Gwendolyn wants romance and true love, but that's a decision she's made by herself. She doesn't have a lot of negotiating power against her father, which is why she has to threaten her own life to demand she get what she wants. But then she also threatens her dear Griselda's life TWICE because she wants that love (the first because she thinks Griselda has been lying to her, and the second for Giacomo/Hawkin's life). This is a serious, goal oriented princess who will not let her ambitions be denied.

And then Griselda acts more like one of the evil characters, but more for her own protection than other gain. She doesn't wiat for others to do something, she gets stuff done herself! She sees her chance when she first hears Giacomo around, and she enchants him to fall in love with the princess. She doesn't care about his wants (and dare I say, his consent), only how this can benefit her. She hasn't done this before, so maybe she was waiting for Gwendolyn to find someone on her own to fall in love with, but desperate times call for desperate measures. Oh yeah, and poisoning the three guys without even a blink of an eye.

These three women are not the norm when it comes to period films. Despite two of them having some moral ambiguity, they are all strongly written in that they have goals they work towards. Two are towards a man, and the film does fail the Bechdel test, but you could see they are certainly not just sexy lamps in this. The film is far from perfect, but it does give quite a different feel to the more traditional romantic storylines and gender roles. Though Gwendolyn looks like she's reconsidering Griswold at the very end, it could be construed as being merely one of those scenes for the entire cast to be in. They all did just swear fealty to the baby-king, but not one is trying to tar and feather her or the former king, right?
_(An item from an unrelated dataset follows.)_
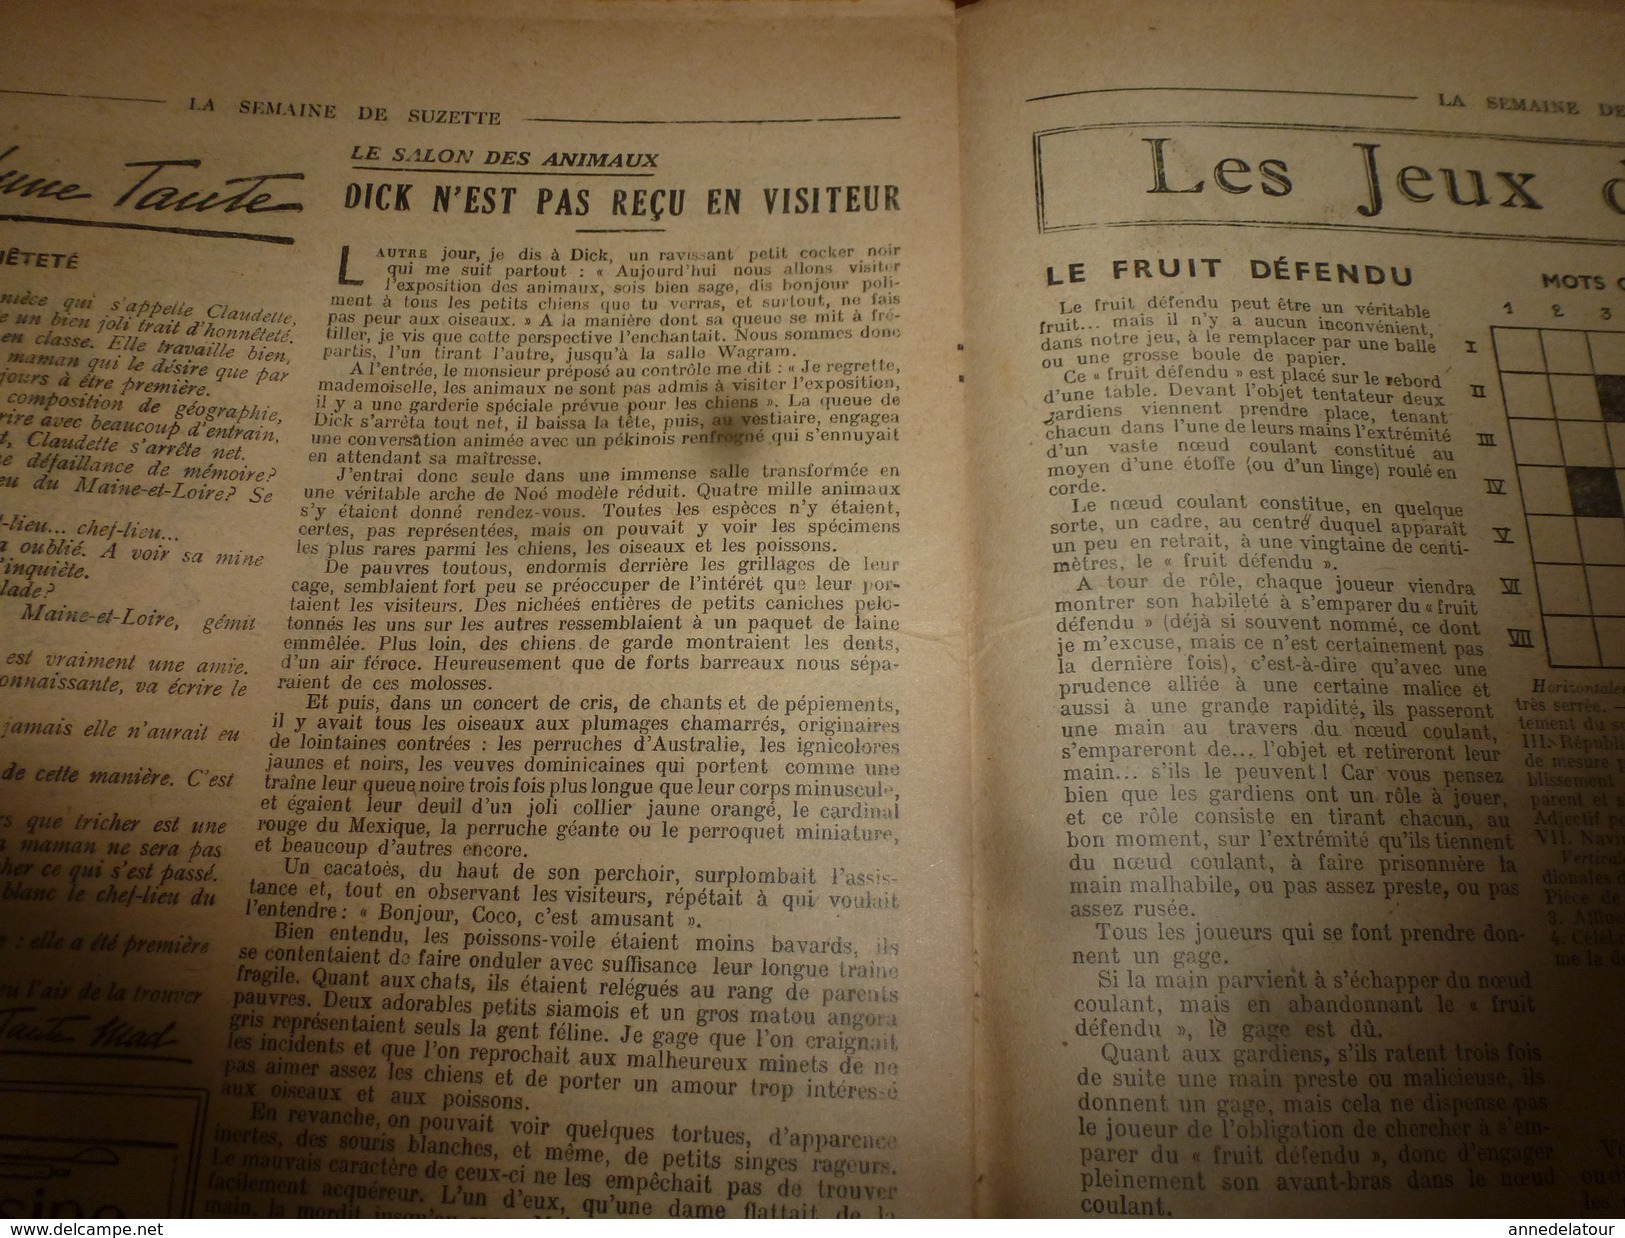 1947 LSDS (La Semaine De Suzette) :La Drogue De Vérité Du Dr Kluver De Chicago; La Fortune De RIVANONE ; Etc - La Semaine De Suzette

Speaking of gender roles... Hawkins really just wants to get through all this madness, hopefully by initially looking like a super cool fighter so he can either impress Jean (not that likely in that she'd still outrank him), or just prove himself at least minimally competent (more feasible). He has to let Jean handle a violent situation that looked like it make him uncomfortable or maybe even queasy. He lets Jean make the decisions because she has a better mind for plans. Though he loves her, he doesn't let himself get too carried away, remembering his mission and his need to protect the baby-king. But he also doesn't just listen to every little thing Jean says. Remember up there in that pestle video where Jean says, "It's so easy I can say it" and he doesn't skip a beat before replying, "Well then you fight him." While most of this is likely irritation that he can't remember the rhyme, probably a bit is that he's bitter that she really can't for him, since he would probably sure she could kick his butt. Remember how the Black Fox says "each man serves as best he can"? There's no way Jean could have made the position of captain if she hadn't proven herself able.

Near the end, the two are cornered by Ravenhurst, and he tries to shield Jean with his body. She does a little of the damsel-clench thing, but it's not like she has a weapon so there's not a lot she could do anyway. But Hawkins is still unarmed and still tries his best. Flipping over Ravenhurst though uses his own natural self, he didn't gain new strength or anything like that (he's been quite physical throughout this whole film, and you can guess he was maybe an acrobat or tumbler from the hints of his circus past). Jean is still the one to flip him via the catapult, and I wonder if it's because Hawkins still wouldn't have the stomach for it.

So yeah, I can see how this may have laid a good foundation into "guys I like" just as I was hitting puberty. The men don't have to be the biggest and baddest. Their romantic interests can be stronger, and they aren't threatened. They still want to protect them and be devoted, but not in an annoying or stalker way. And they still have a way to do so, even if it's not in a way that is comparable to others. 

So that's that! Goodness I just kept  going, didn't I? I hope this makes sense, and I'd love to hear any comments or questions, regardless if you've watched the film or not. Being I think one of the better Danny Kaye films though, I hope you may view a copy soon!